On Wednesday, customs authorities of Dominican Republic imposed a fine of US$ 32,000 on Mexican cement maker Cemex S.A. de C.V. (CX). They believe that the company is attempting a tax-evasion scheme for acquiring 640 tons of petroleum coke from Generadora Itabo, an electricity producer in Dominican Republic.

The company also faces other problems. Recently, the state of Texas filed a lawsuit against Cemex for $558 million as royalty payments owed in the United States.

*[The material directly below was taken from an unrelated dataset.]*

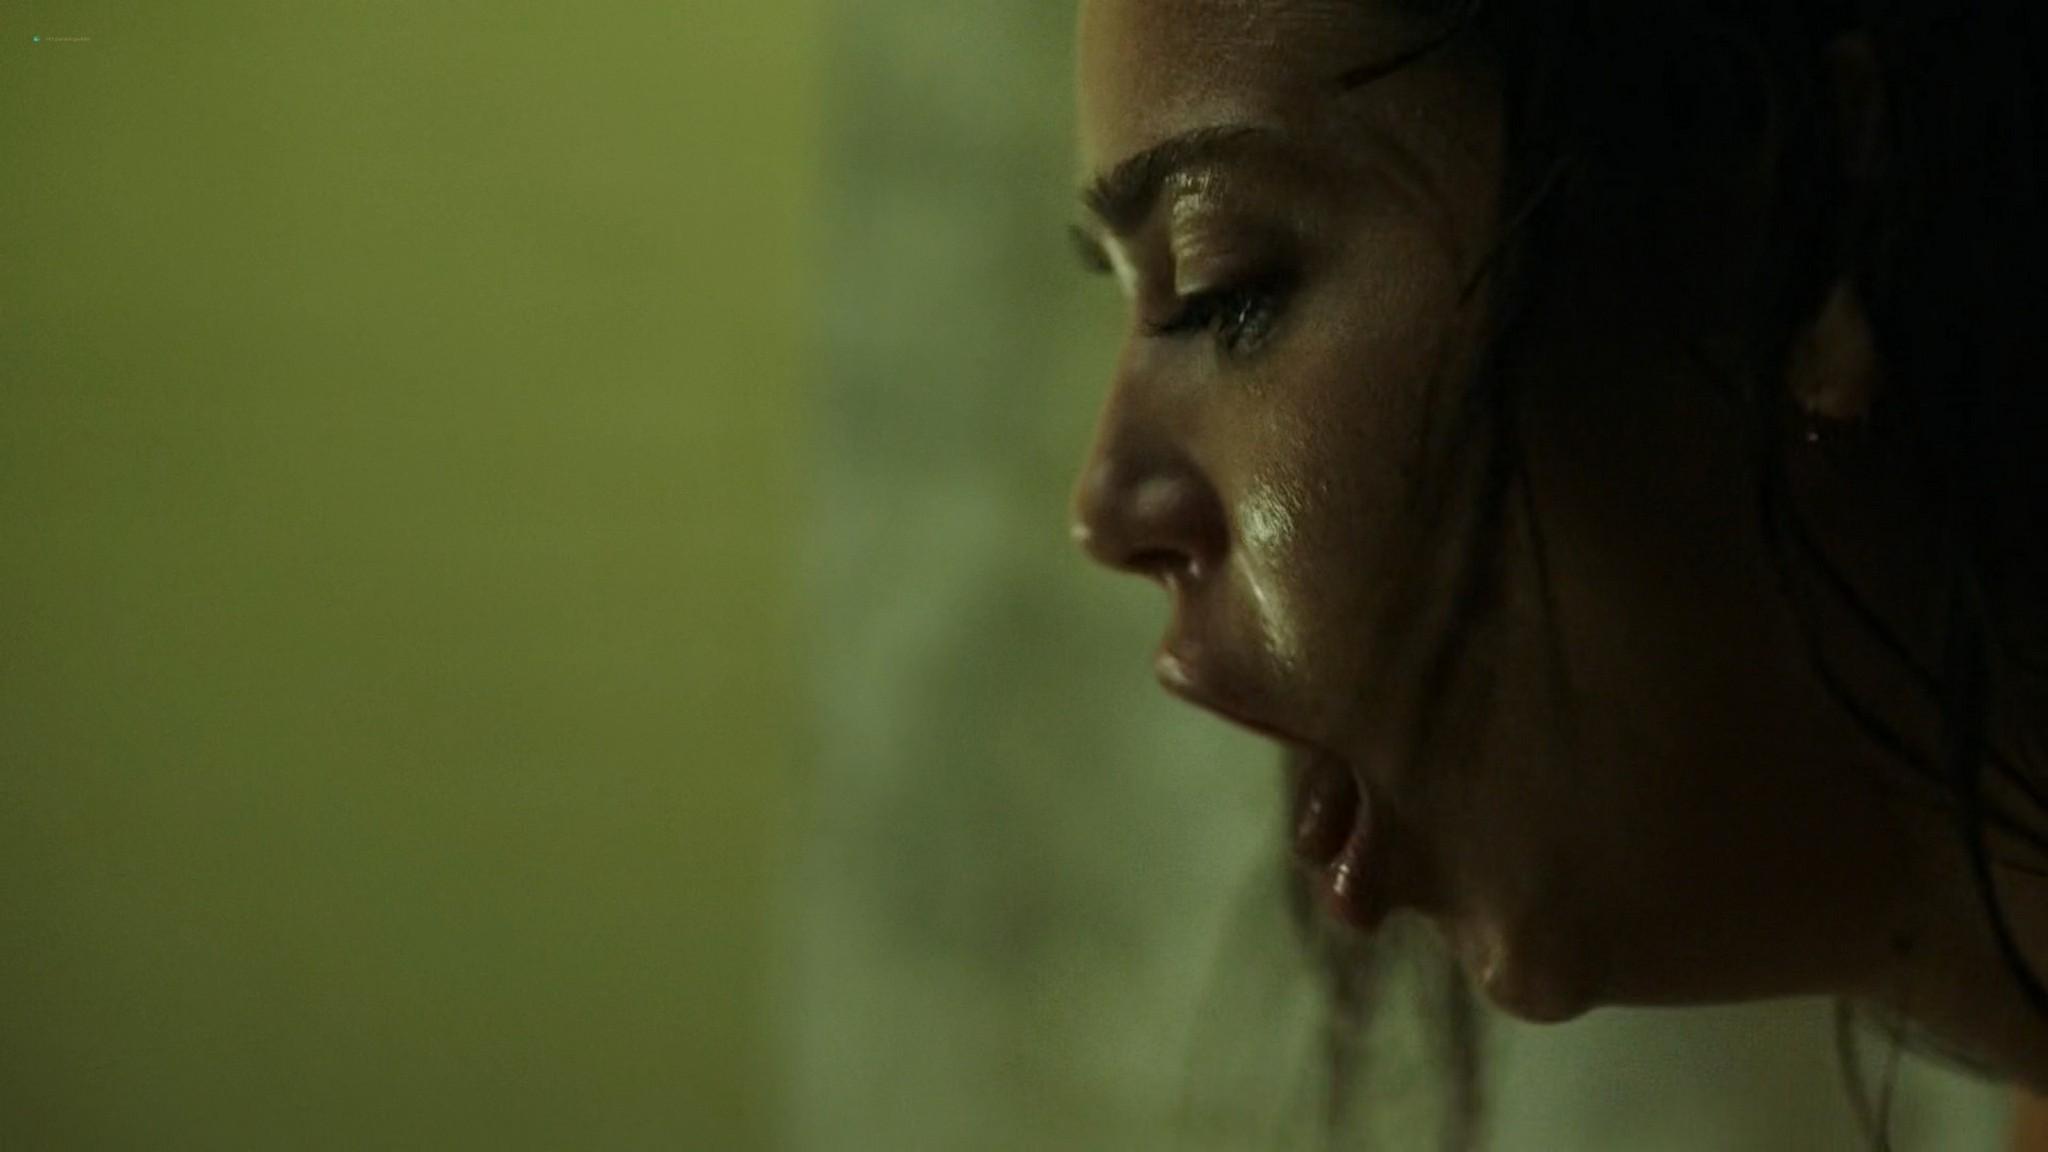 Matilda Anna Ingrid Lutz hot and sexy Rings 2017 1080p BluRay 13

The company had drawn upon substantially big short-term loans to buy Australia’s Rinker in 2007, just before the U.S. housing crisis and the subsequent global financial disaster. It needs to repay $4.1 billion of debt by the end of 2009 and the remaining in 2010 and 2011. To stay afloat, Cemex is refinancing $14.5 billion of debt.

A steady fall in aggregate demand and employment in the U.S. is adversely impacting economic activities in Mexico since both the economies have very strong ties. Even worse, the outbreak of swine flu in Mexico during the second quarter has added more problems to the already difficult business environment. Gross Domestic Product (GDP) is expected to contract by 10% on a year-over-year basis in the quarter.

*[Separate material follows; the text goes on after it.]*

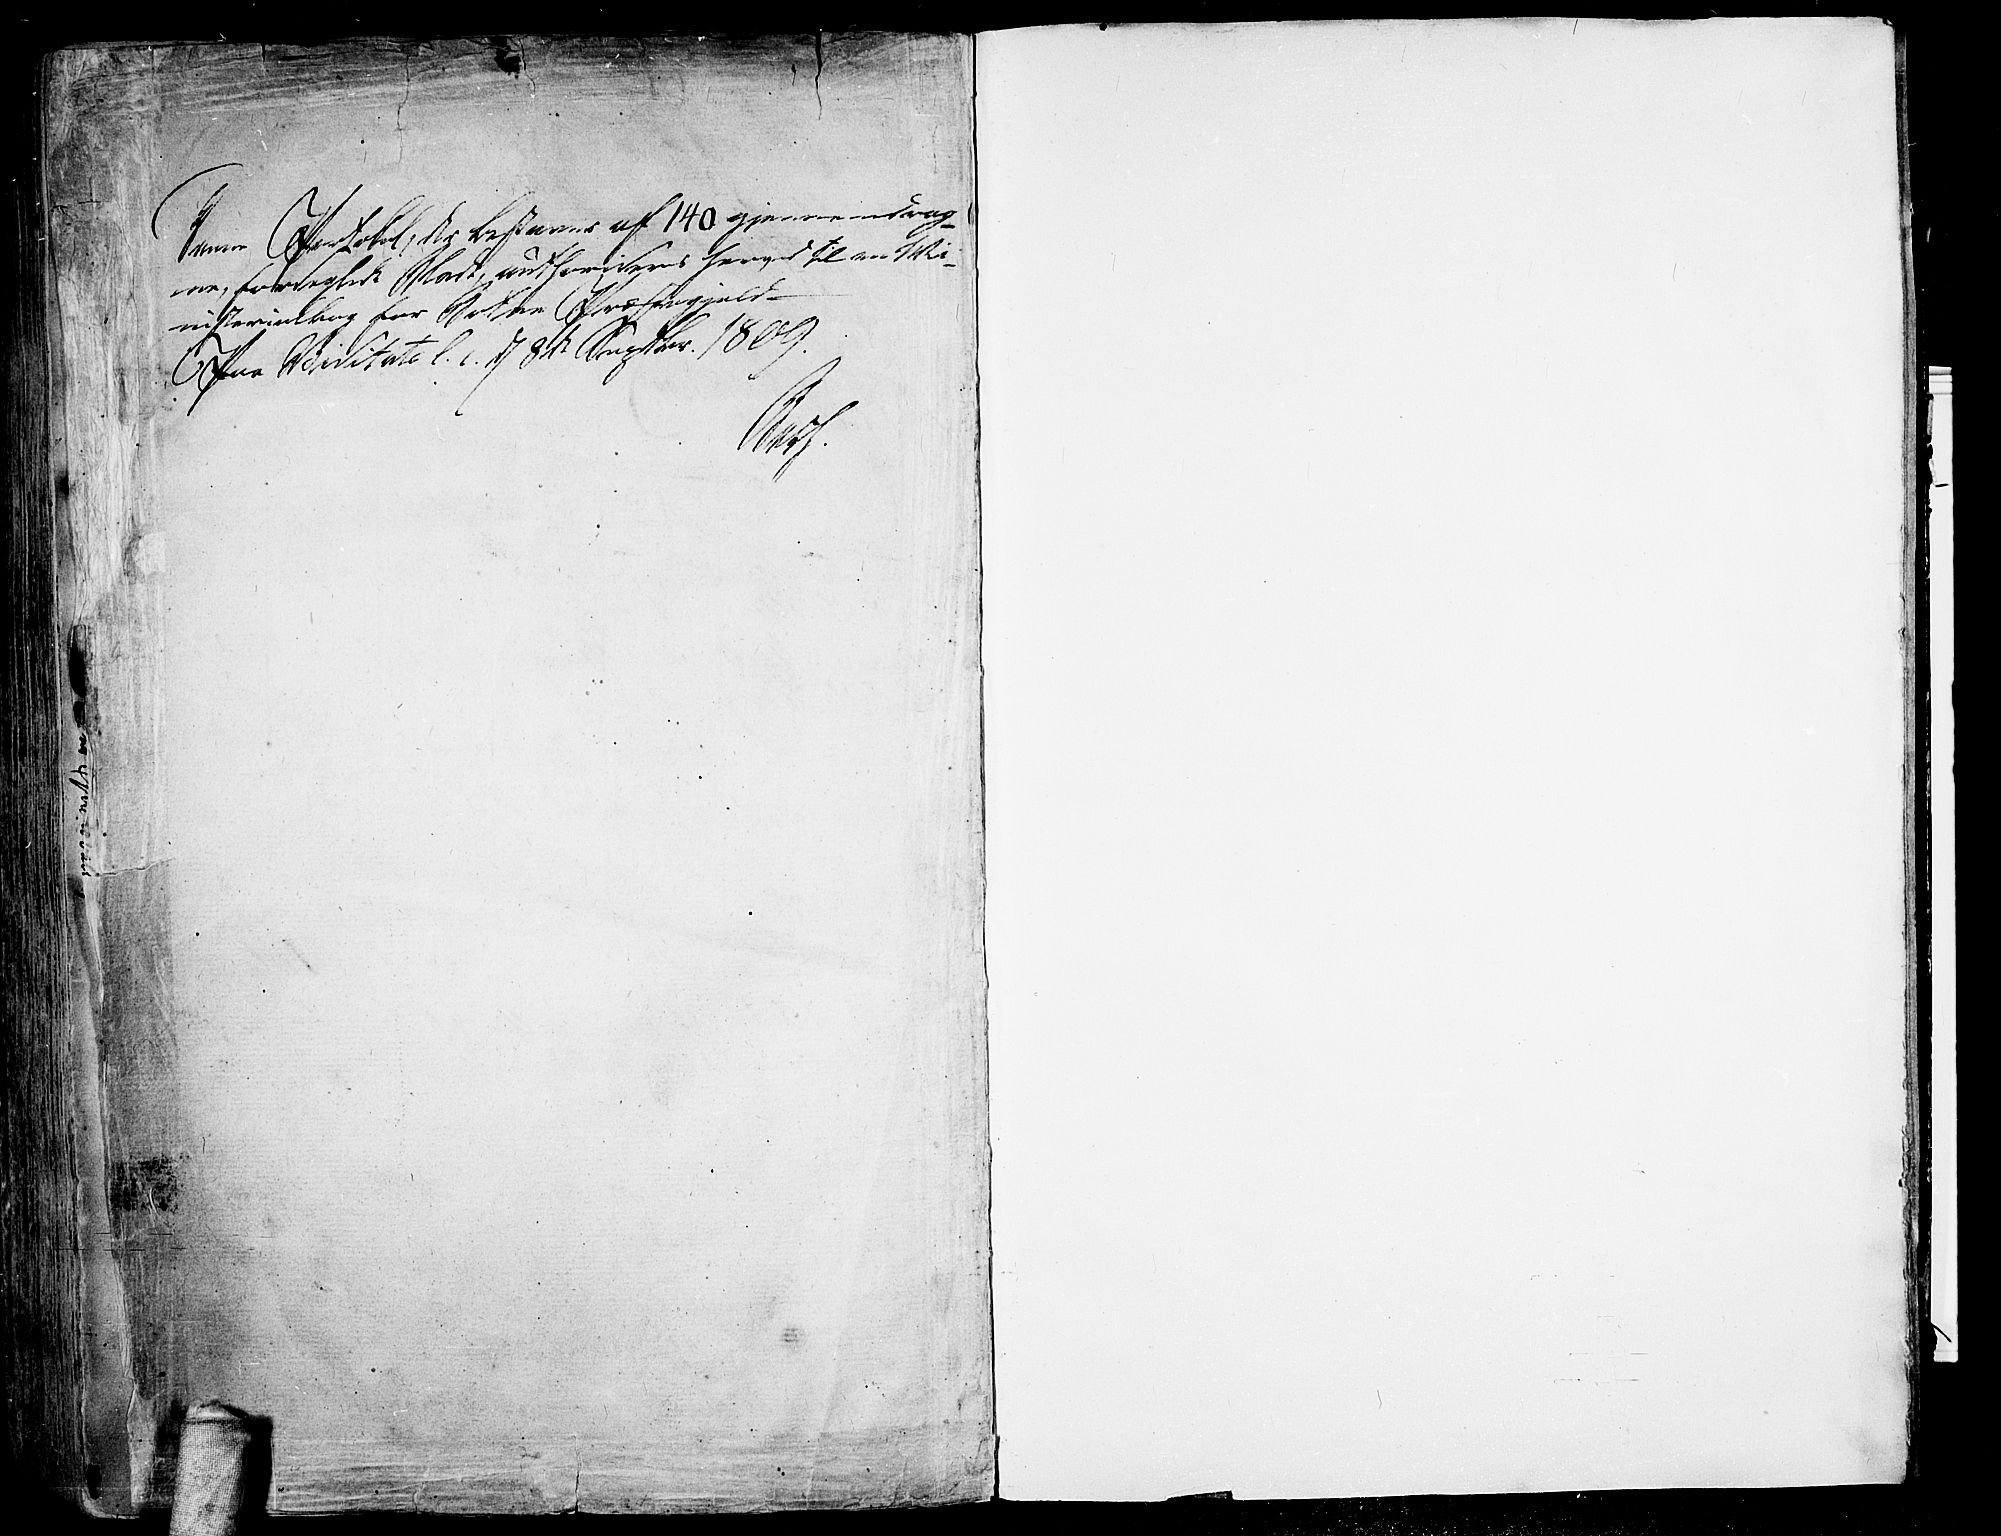 SAKO, Botne kirkebøker, F/Fa/L0003: Parish register (official) no. I 3 /1, 1792-1844, p. 280-281

However, the Mexican economy has started showing signs of recovery. Rise in international raw material prices like oil and metal is a positive sign that will slightly aid the overall economy. Although the doemstic economy is expected to grow by 3% in 2010, 2009 will still remain challenging.

Thus, we maintain our Sell recommendation on Cemex for the time being, based on its high leverage coupled with tough market conditions worldwide.